TASK DIRECTIONS: Please output exactly the part of the records below that opens with the line containing "Trakošćan castle - a" and closes with the line containing "Free download: 450 outline icons", both lines included, and nothing else.

THE DATA:
________________
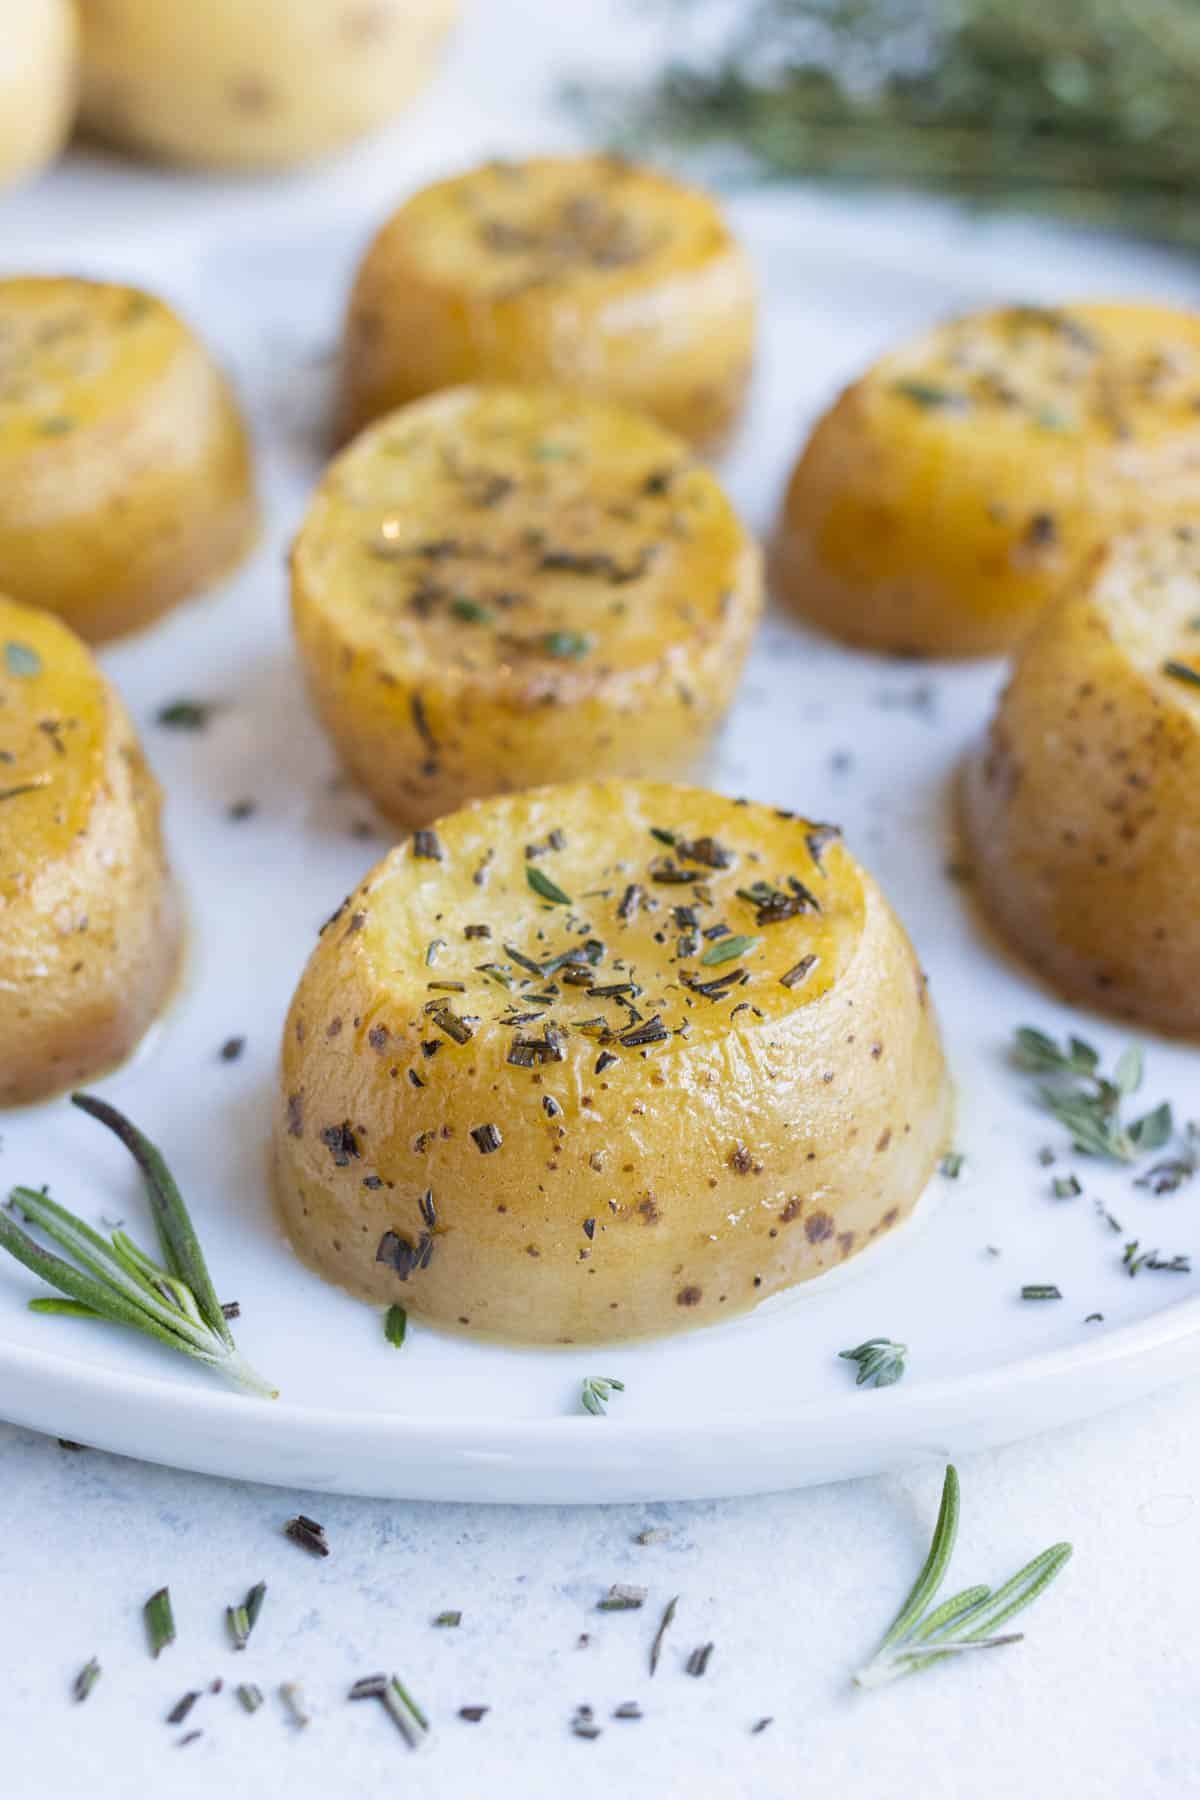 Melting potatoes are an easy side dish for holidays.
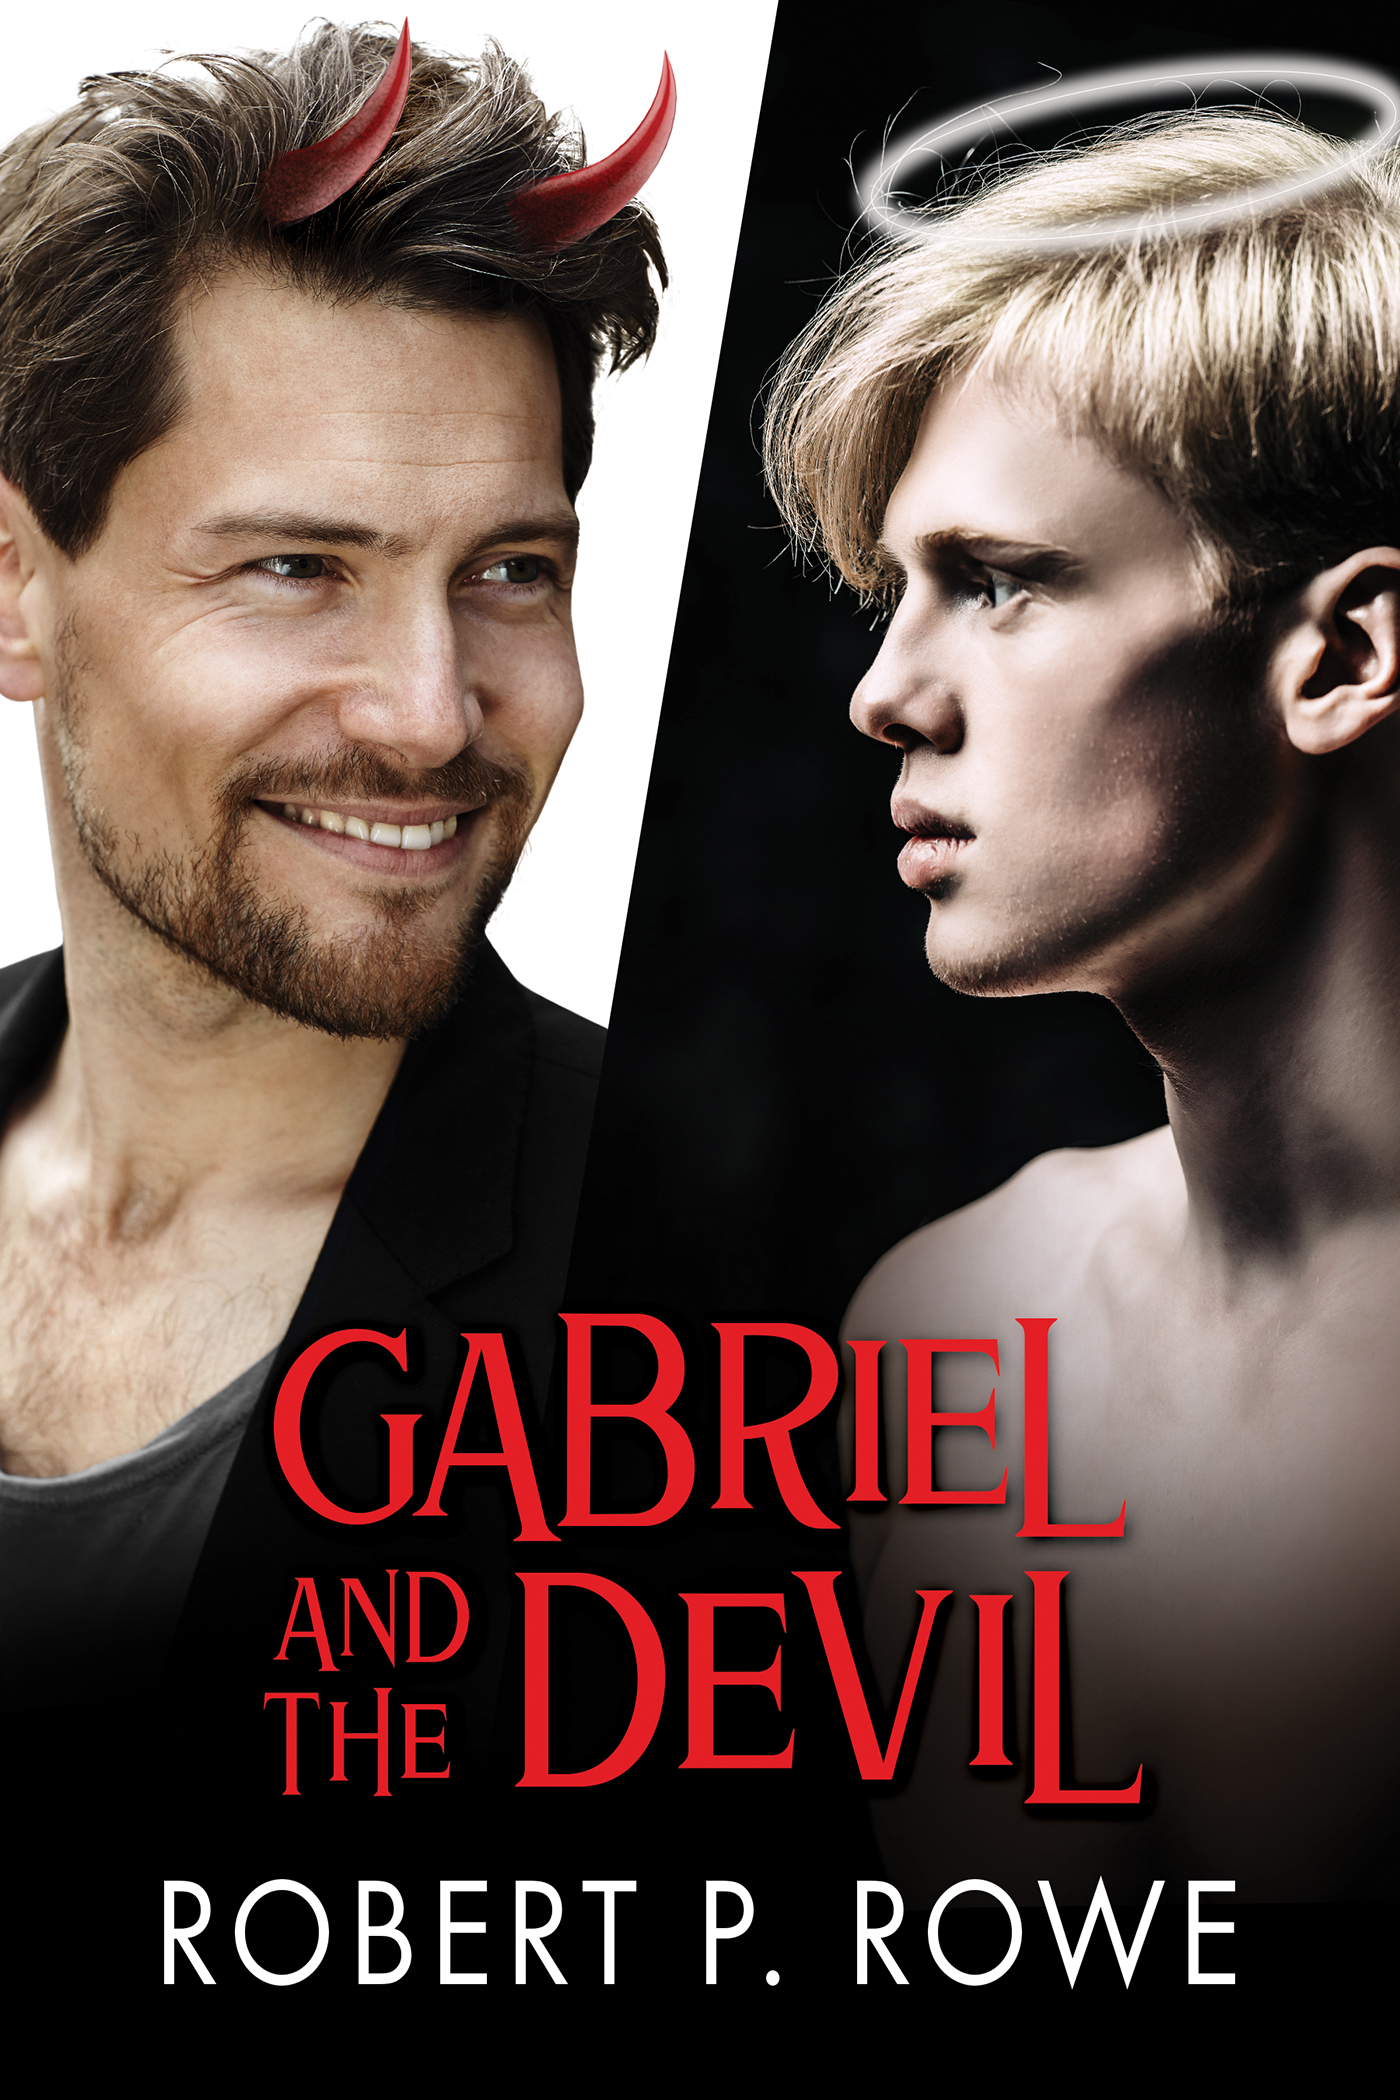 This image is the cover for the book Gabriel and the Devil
________________
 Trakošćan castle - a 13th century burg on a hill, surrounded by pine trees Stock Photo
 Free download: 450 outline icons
________________
ANSWER SPACE:
 Trakošćan castle - a 13th century burg on a hill, surrounded by pine trees Stock Photo
 Free download: 450 outline icons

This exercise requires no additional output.